Home > Other > Secret Star > Page 10
Secret Star Page 10

by Nancy Springer


  But maybe they shouldn’t be. Maybe it was better for her to risk caring about a daddy who could let her down.

  She couldn’t quite smile back at him. A whisper of leftover anger wouldn’t let her. But maybe soon she’d get past that.

  Tess took hold of his wheelchair to help him back into the house. “Let’s go eat,” she said.

  13

  A couple of days later Tess got up very early, while it was still dark. Ten thousand stars shone down bright as daisies. At four in the morning Tess walked through the woods and down Miller’s hill toward the creek bottom.

  Almost from the start she’d known Kam would have to go away someday.

  She found her way between rocks and little cedars as surely as a cat. Never stumbled. Never strayed. Winding along the creek path, she watched the stars reflected in the black water, like wild lilies floating there.

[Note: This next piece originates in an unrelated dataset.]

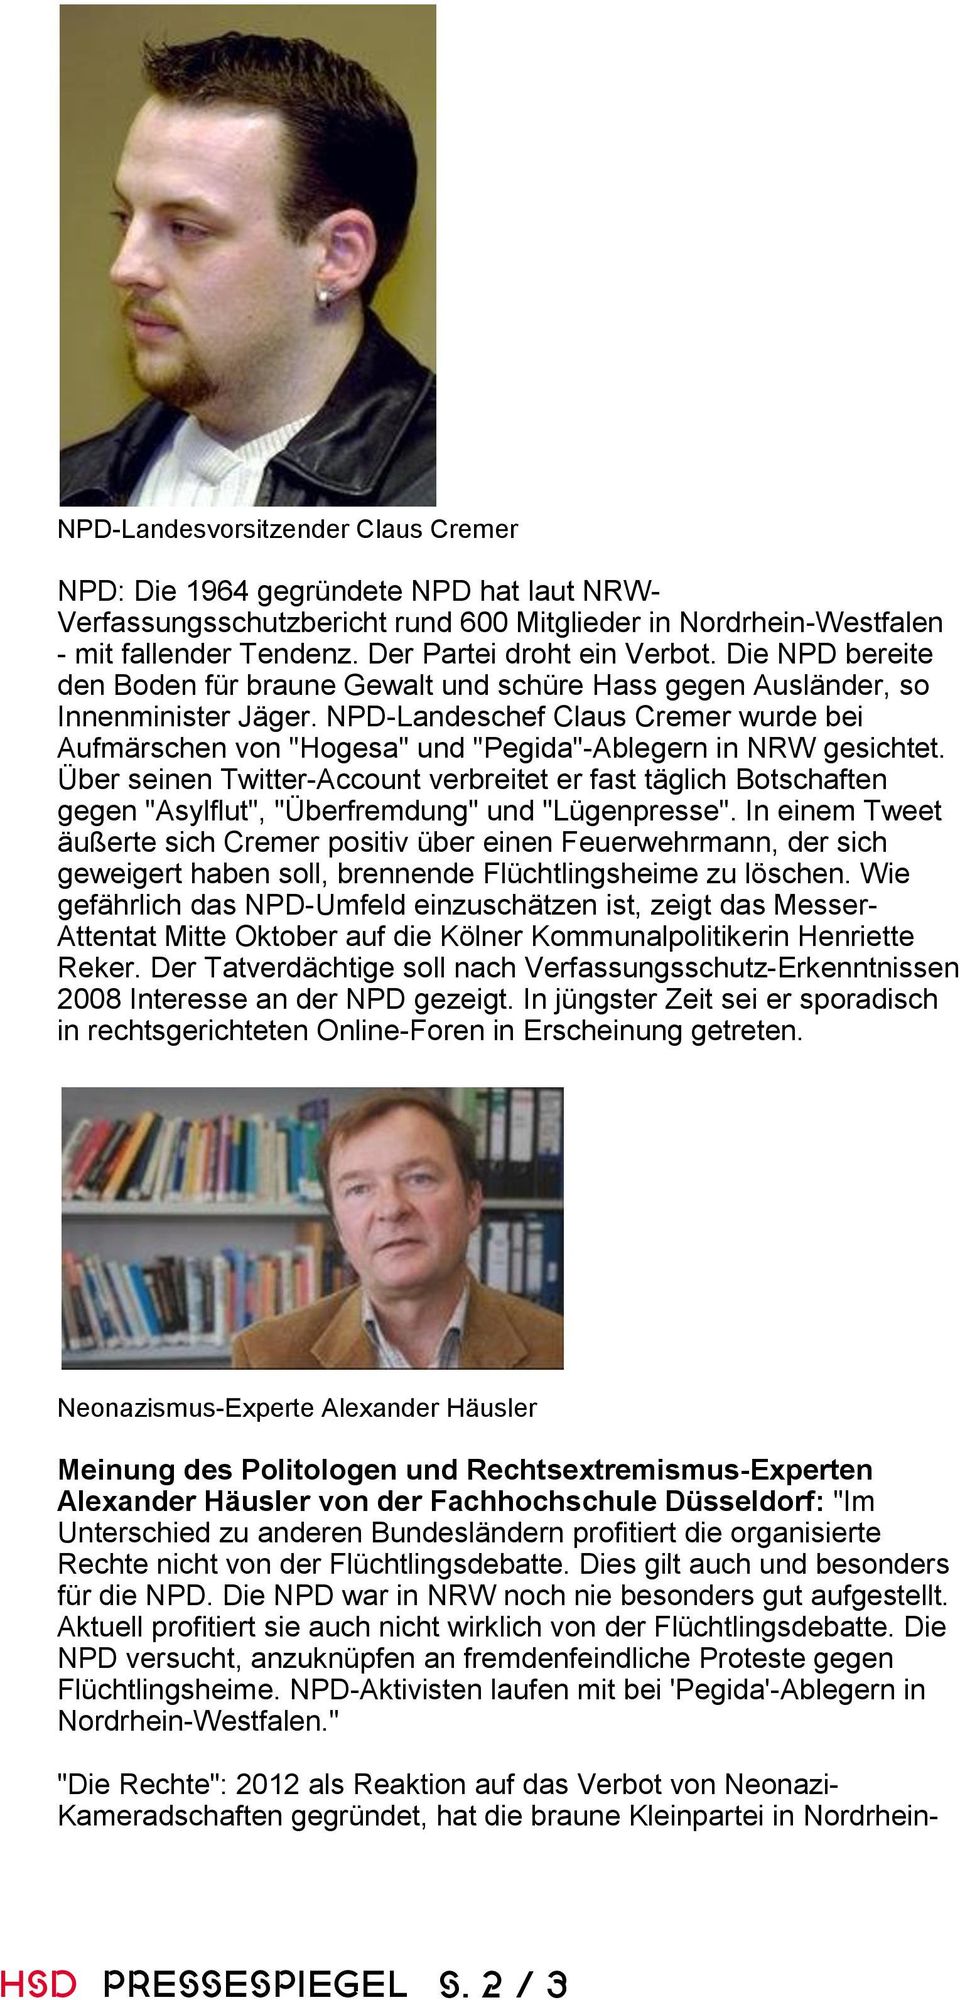 NPD-Landeschef Claus Cremer wurde bei Aufmärschen von "Hogesa" und "Pegida"-Ablegern in NRW gesichtet.

  There was a man named Rojahin living in Eli, Nevada, Kam’s missing-persons expert said. Mark Rojahin. About the right age.

  Near Kamo’s camp, treading between clumps of honeysuckle, Tess did not try to be silent, yet she was. The honeysuckle was starting to bloom already, with a smell sweet as angels, white flowers clustered like stars in the night. But the brightest star lay on the dark ground ahead. She followed its hot golden glimmer and walked up to the embers of Kamo’s fire.

  He was awake, sitting by the fire, as she had thought he might be.

  “Couldn’t you sleep?” he asked, his voice ghosting to her soft as a moth.

  “You should talk.” She sat down opposite him. “You anxious?”

  “More—more like I’m holding my breath. I don’t dare think about it. Don’t dare get my hopes up.” She could hear the excitement in his voice, low and vibrant, like distant drums.

  “I hope it’s him,” Tess told him. “Your father. I hope you find him. And I hope ...” She let the sentence trail away. Couldn’t say that she hoped his father would be glad to see him. If that happened, Kam would be so happy he’d forget all about her.

  But she wanted that for him anyway. Happiness.

  “Tess.” He was looking at her the way he had done that first day, his head alert, his single eye narrow. Wondering why she was there. Trying to read her. “Everything okay?”

  “Sure.”

  “Mr. Mathis all right?”

  “Yeah.” She and Daddy were doing pretty good.

  “Something wrong at work? Butch been hassling you?”

  “No.” Butch was going to military school in a few weeks. Till then, she could handle him.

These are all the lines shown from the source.